First call (M=1024, N=1024, K=1024):
+--------------------------------------------------+
| Config(BM=64, BN=64, BK=32): 1.26ms |
| Config(BM=128, BN=128, BK=64): 0.62ms <-- | winner cached
| Config(BM=128, BN=128, BK=128): 0.91ms |
+--------------------------------------------------+
Subsequent calls (same M, N, K):
+--------------------------------------------------+
| cached -> Config(BM=128, BN=128, BK=64) | no re-tuning
+--------------------------------------------------+
Config Object¶
cfg = metile.Config(
BLOCK_M=128,
BLOCK_N=128,
BLOCK_K=64,
WM=4,
WN=4,
K_UNROLL=1,
)
Any keyword arguments become constexprs passed to the kernel. Parameters not in the
kernel’s signature are stored in func.constexprs and available to the compiler
(e.g., WM, WN control the tensor_ops simdgroup layout).
Verbose Output¶
With verbose=True (the default), the autotuner prints results:
autotune matmul [M=1024, N=1024, K=1024]: Config(BLOCK_M=128, BLOCK_N=128, BLOCK_K=64, ...)

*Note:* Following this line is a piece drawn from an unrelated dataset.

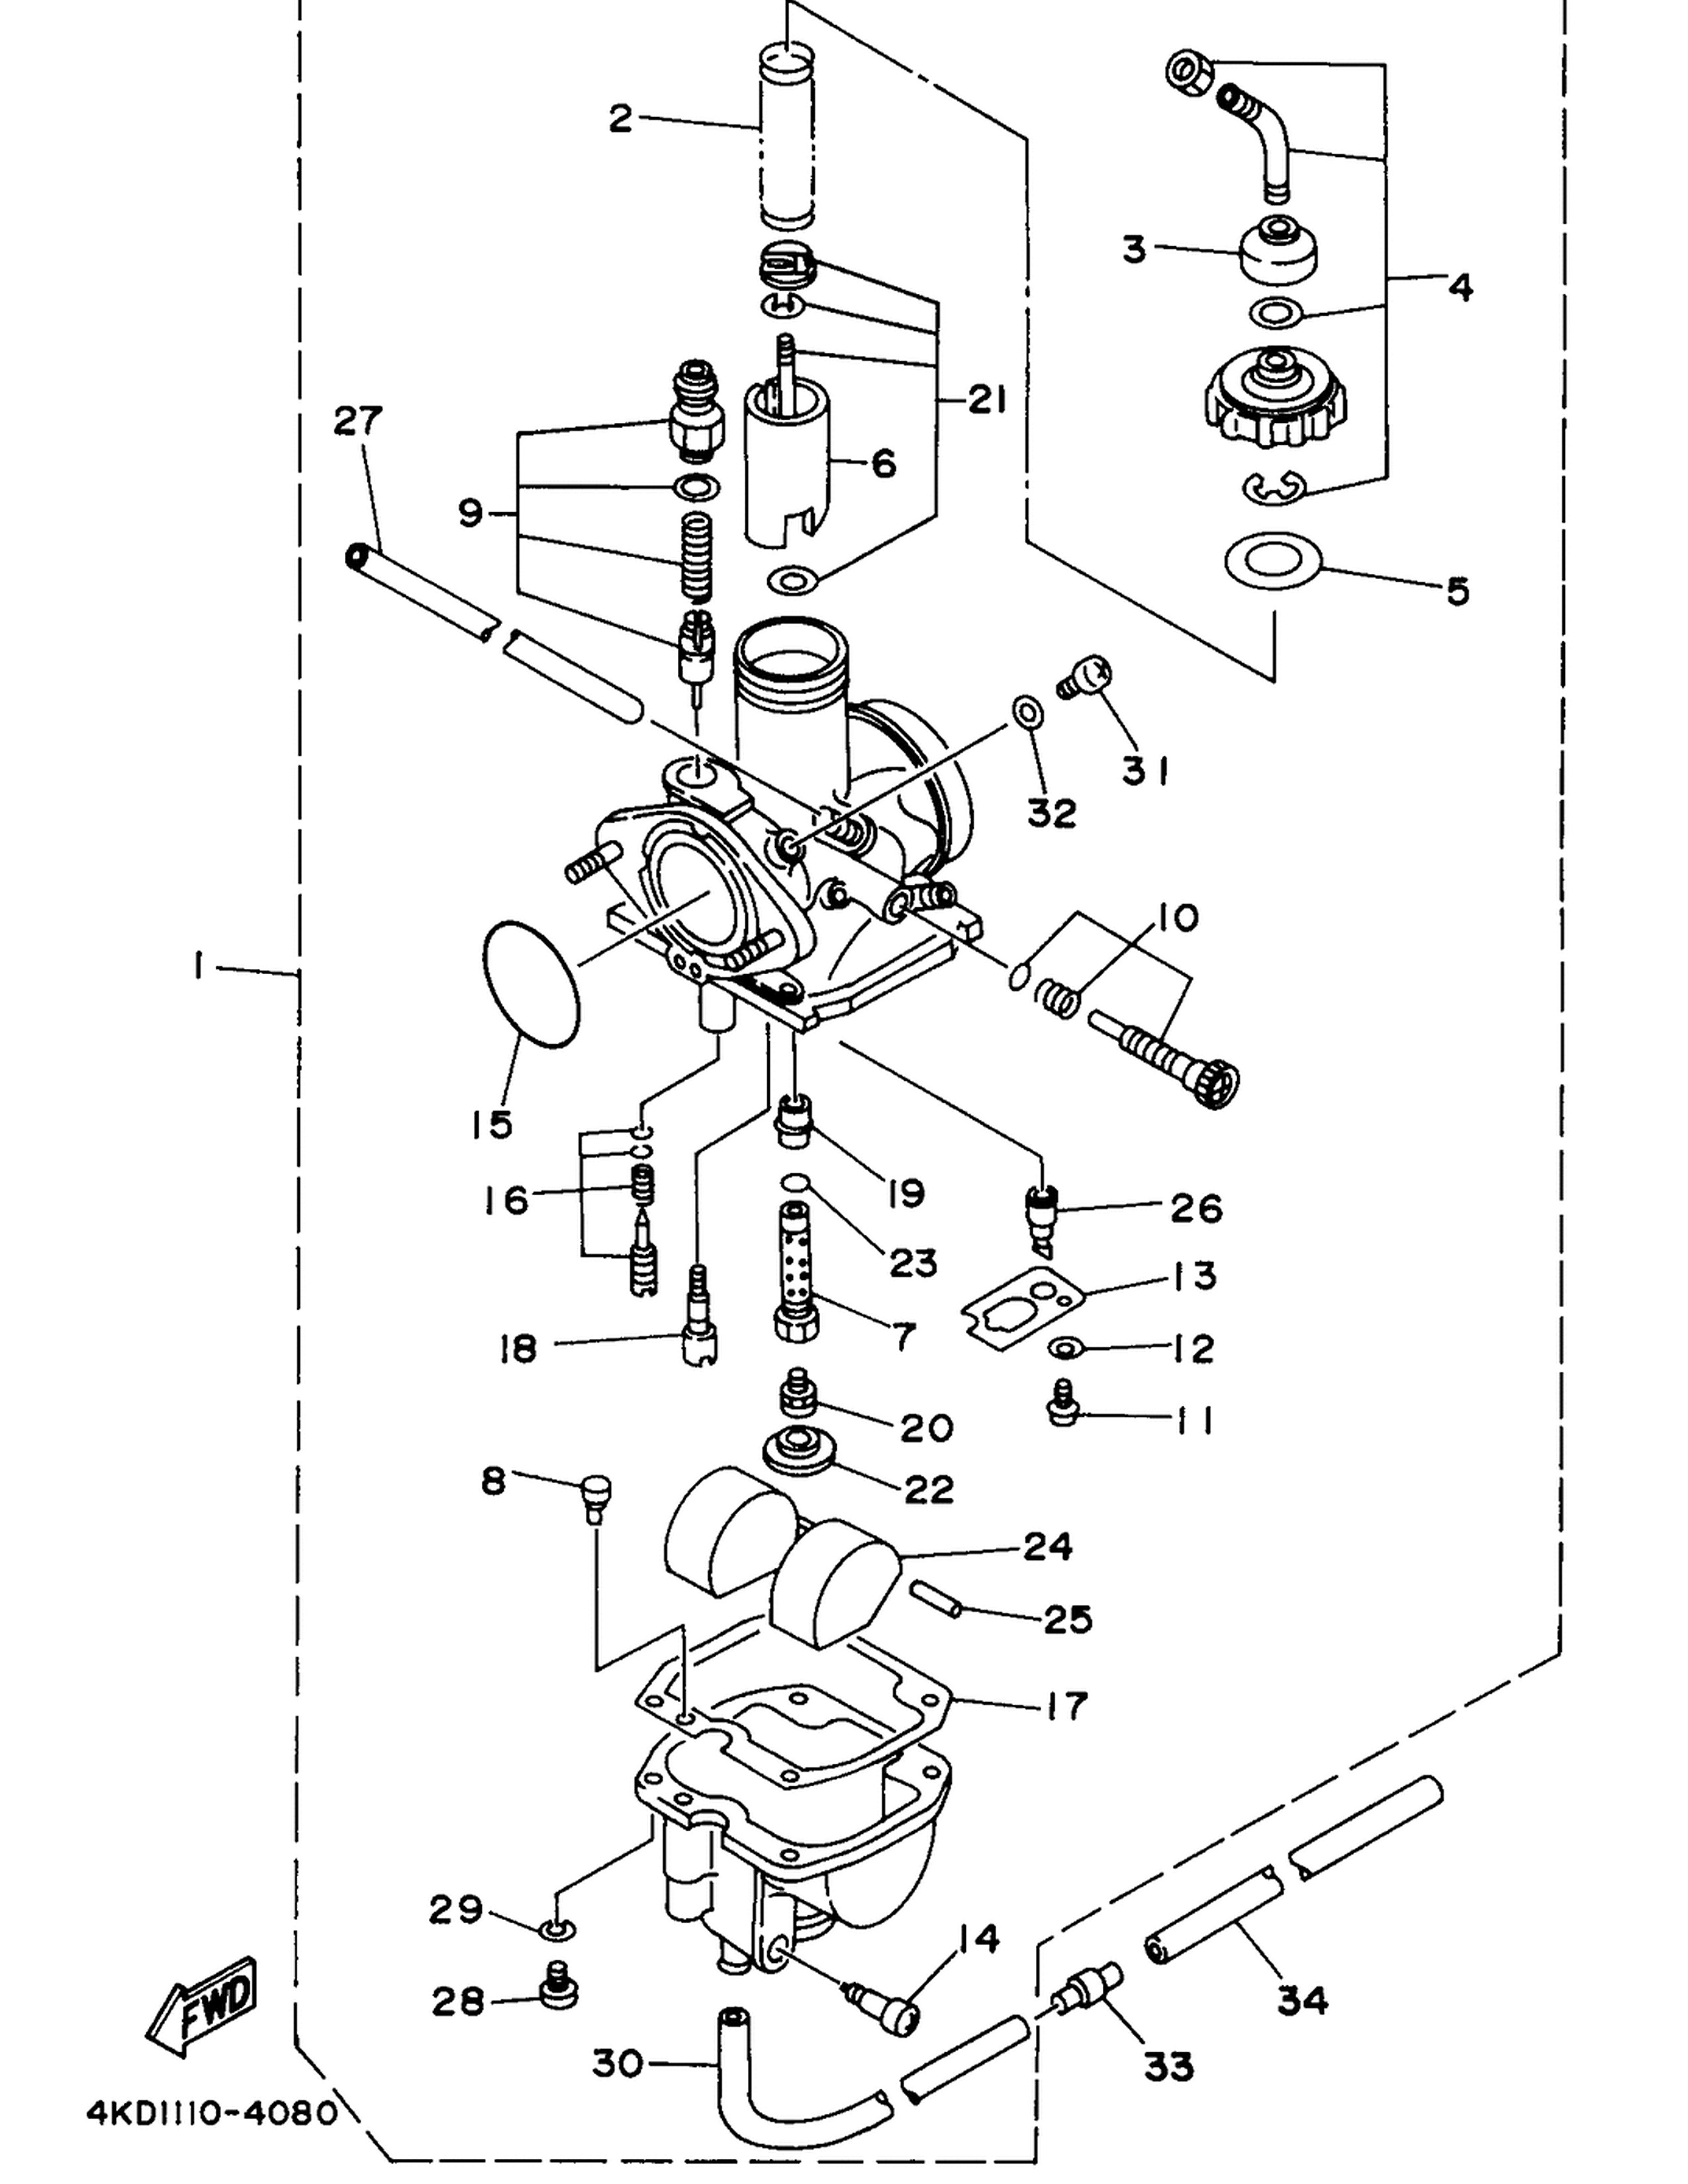 Brake Parts Diagram Timberwolf Wiring Diagram Wiring Diagram Of Brake Parts Diagram

Config(BLOCK_M=64, BLOCK_N=64, BLOCK_K=32, ...): 1.26ms
Config(BLOCK_M=128, BLOCK_N=128, BLOCK_K=64, ...): 0.62ms <--
Config(BLOCK_M=128, BLOCK_N=128, BLOCK_K=128, ...): 0.91ms
The <-- marks the selected winner.
If a config fails (e.g., exceeds threadgroup memory limits), the error reason is shown:
Config(...): FAILED (LoweringError: GEMM requires 49152 bytes threadgroup memory ...)
Tuning Parameters¶
metile.autotune(
configs=[...],
key=["M", "N", "K"],
warmup=5, # warmup iterations per config (default: 5)

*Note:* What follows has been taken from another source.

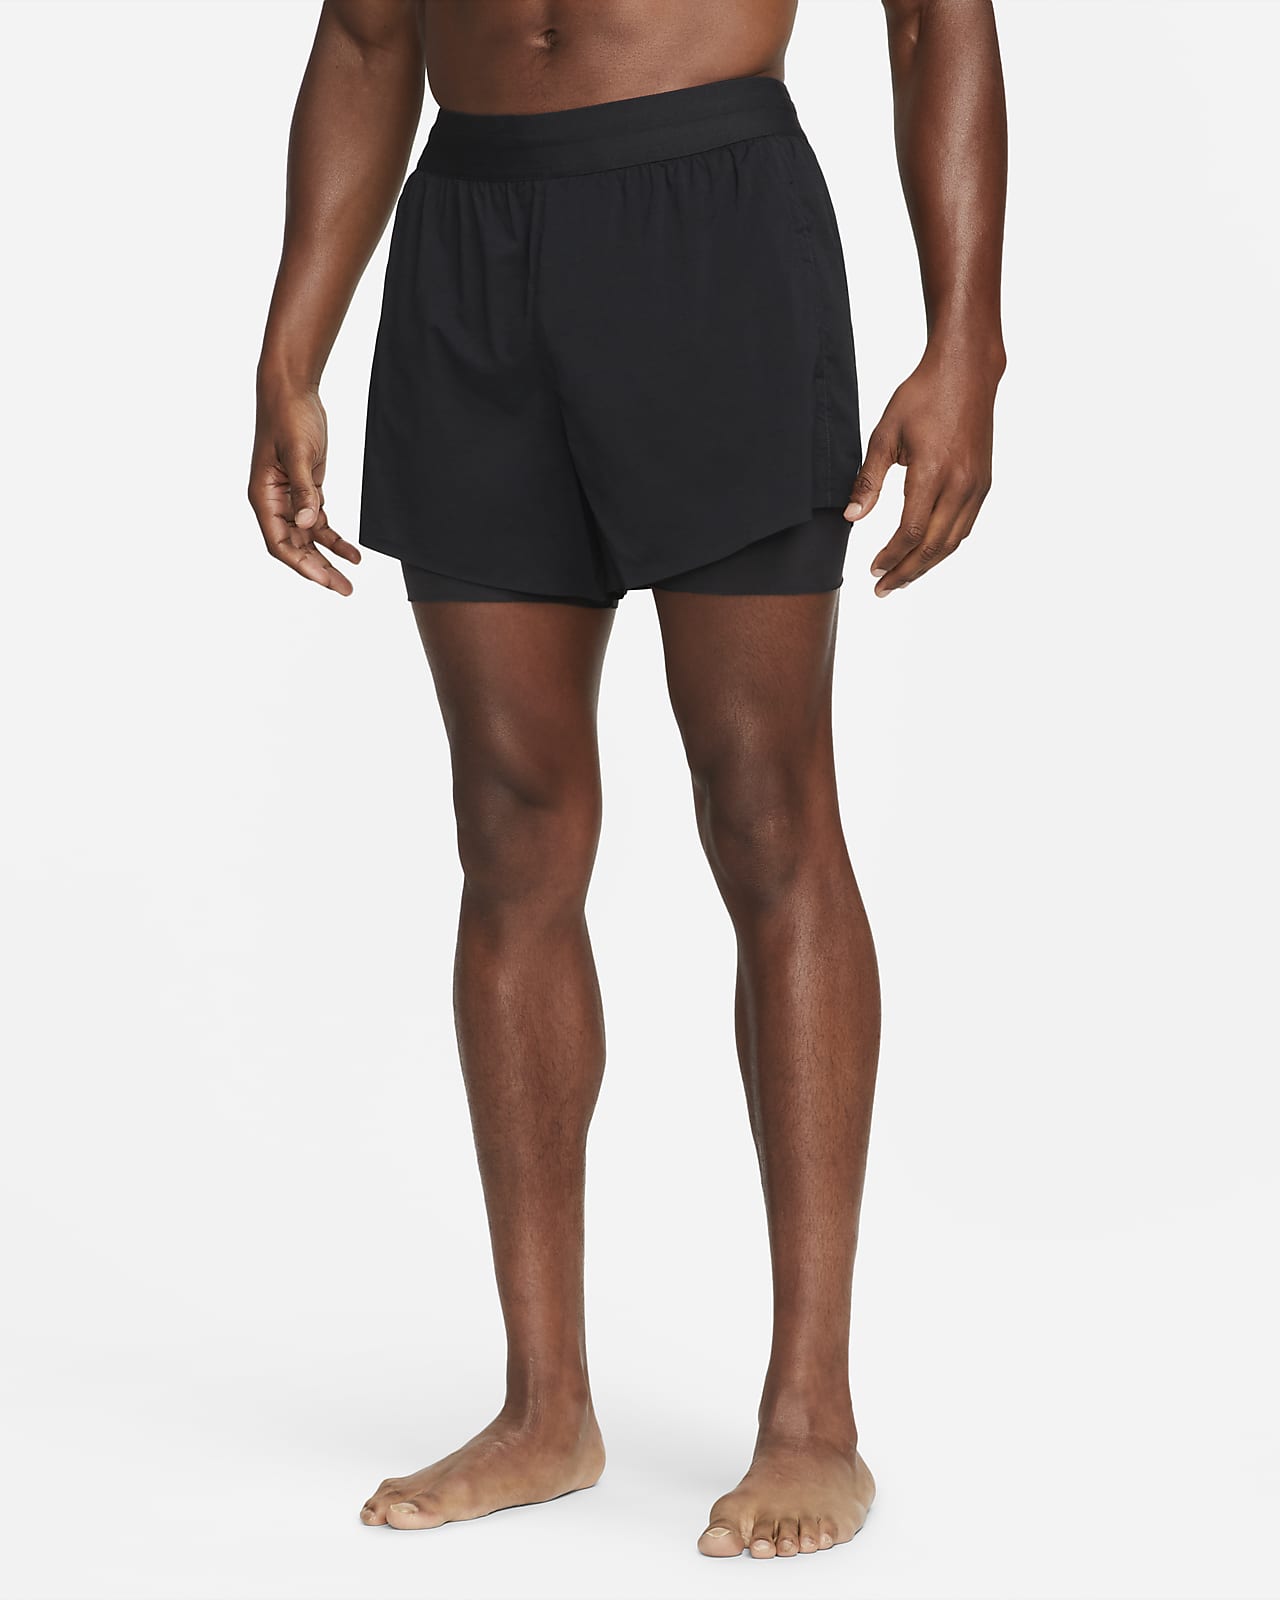 Shorts da hot yoga Nike Yoga – Uomo

rep=20, # timed iterations per config (default: 20)
verbose=True, # print results (default: True)
)
Prepared Dispatch¶
For latency-sensitive inference, use .prepare() to autotune once and get a
fast dispatcher that skips all Python overhead on subsequent calls:
dispatch = autotuned_matmul[grid].prepare(A, B, C, M, N, K)
# hot path with minimal python overhead
for _ in range(1000):
dispatch()